Au Maghreb, l’islamisme tunisien peut être à juste titre considéré comme un mouvement à part. Contrairement à ses homologues des pays voisins, il a eu dès le départ à faire face à un État résolument laïc. L’année 1987 représente une année charnière dans son parcours de près de quarante ans.

Au début était les cercles islamistes de Tunis

La naissance de l'islamisme en Tunisie remonte à 1971. Au cours de cette année, plusieurs intellectuels islamistes (dont une partie est issue de la confrérie des Frères musulmans, «Égypte : Moubarak et les Frères musulmans») ont mis en place des cellules quasi clandestines dans plusieurs mosquées de la capitale Tunis. Tout en tentant de s’imposer comme relais des demandes culturelles des milieux conservateurs et traditionnels, ils n’ont pas hésité à attaquer la gauche culturelle et syndicale. Ce penchant anti-marxiste rejoignait à cette époque l’aversion d’un État bourguibien furieusement anti-communiste.

Les partisans du Frère musulman Rached Ghannouchi se sont dotés d’un «Groupe islamique» en 1972, une structure baptisée successivement (au gré des circonstances) du nom de «Mouvement de la Tendance islamique» (MTI), en 1981, et d’«Ennahda» («Renaissance», islamique évidemment), huit années plus tard. Leurs différentes tentatives de légaliser leur formation comme parti politique étaient vaines. En raison de l’opposition ferme d’un régime hostile aux valeurs traditionnelles et craignant de voir à terme son pouvoir absolu (à travers le parti/État, le Rassemblement constitutionnel démocratique) contesté.

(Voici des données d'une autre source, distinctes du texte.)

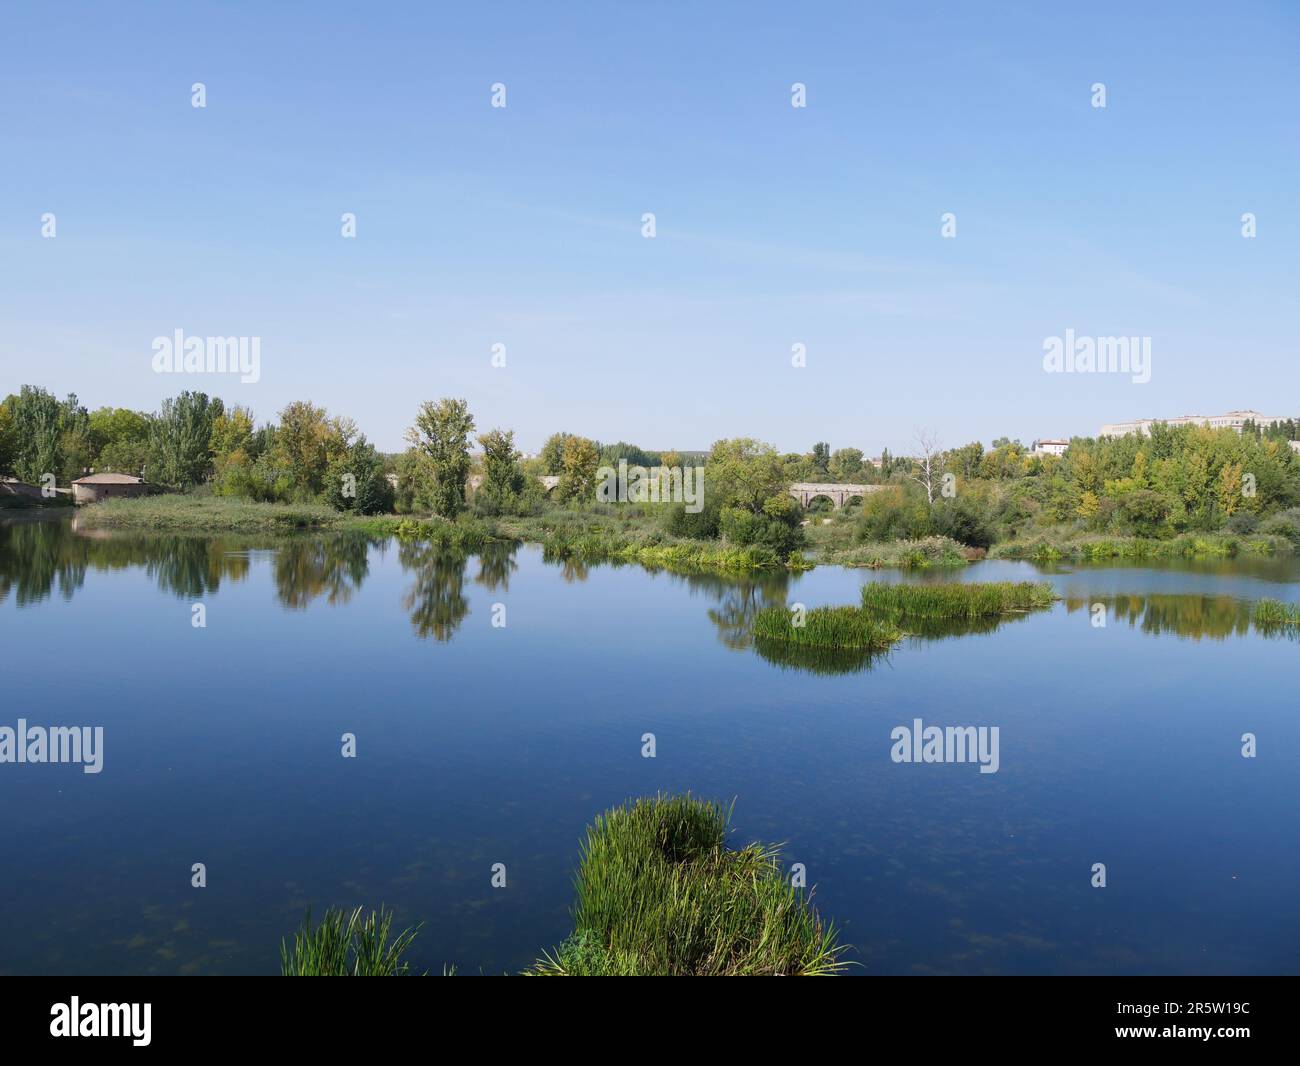 Blick auf den Fluss Tormes, der durch die Stadt Salamanca an einem Tag mit blauem Himmel fließt. Sie können die verschiedenen Arten von Pflanzen und Vegetation sehen. Stockfoto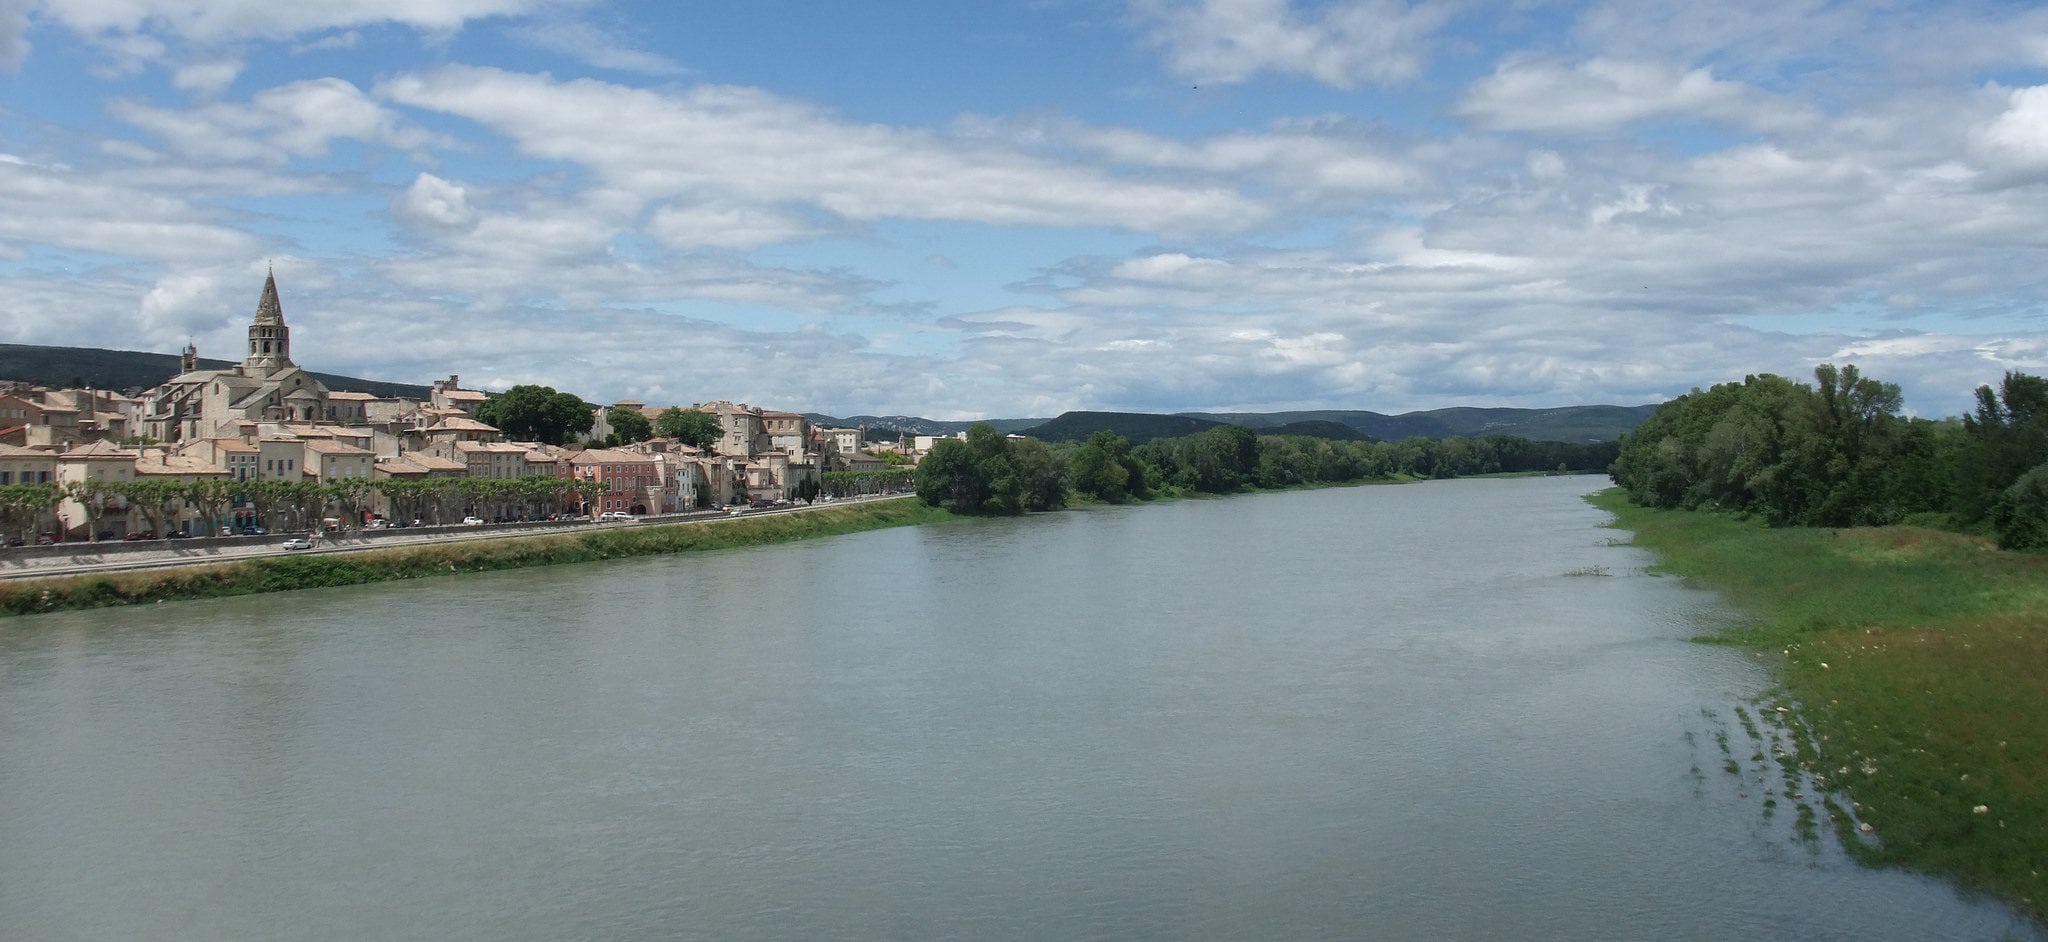 Bourg-Saint-Andéol, en Ardèche sur le rive droite du Rhône.CC Laurent Lebois

Tout comme c’est le cas des autres mouvements islamistes du monde musulman, l’objectif des islamistes tunisiens est d’établir une république islamique. Aux yeux de leurs dirigeants, l'islam serait la solution de tous les maux de la société moderne. D’où leur insistance auprès des jeunes en particulier pour qu’ils se conforment aux principes de l'islam qu'ils considèrent comme une totalité embrassant tous les domaines de l'activité humaine.

La Révolution islamique de 1979 en Iran a été une «divine surprise» pour les islamistes tunisiens. Elle a décuplé leurs troupes et élite. Une «vague» portée également par les revers subis coup après coup par la gauche syndicale et l’aile progressiste du gouvernement. Certains islamistes n’hésitant pas à donner de facto un coup de main à la campagne officielle de pression sur la gauche.

En rejoignant les rangs de l’opposition en 1981, le mouvement islamiste s’est lui aussi exposé à la répression du pouvoir. Il a boycotté les élections municipales de 1985 et législatives de 1986. Le prix de sa mauvaise appréciation de la situation réelle du pouvoir et du rapport de force lui a coûté assez cher. Plusieurs de ses dirigeants du premier cercle et parmi ses militants sont arrêtés.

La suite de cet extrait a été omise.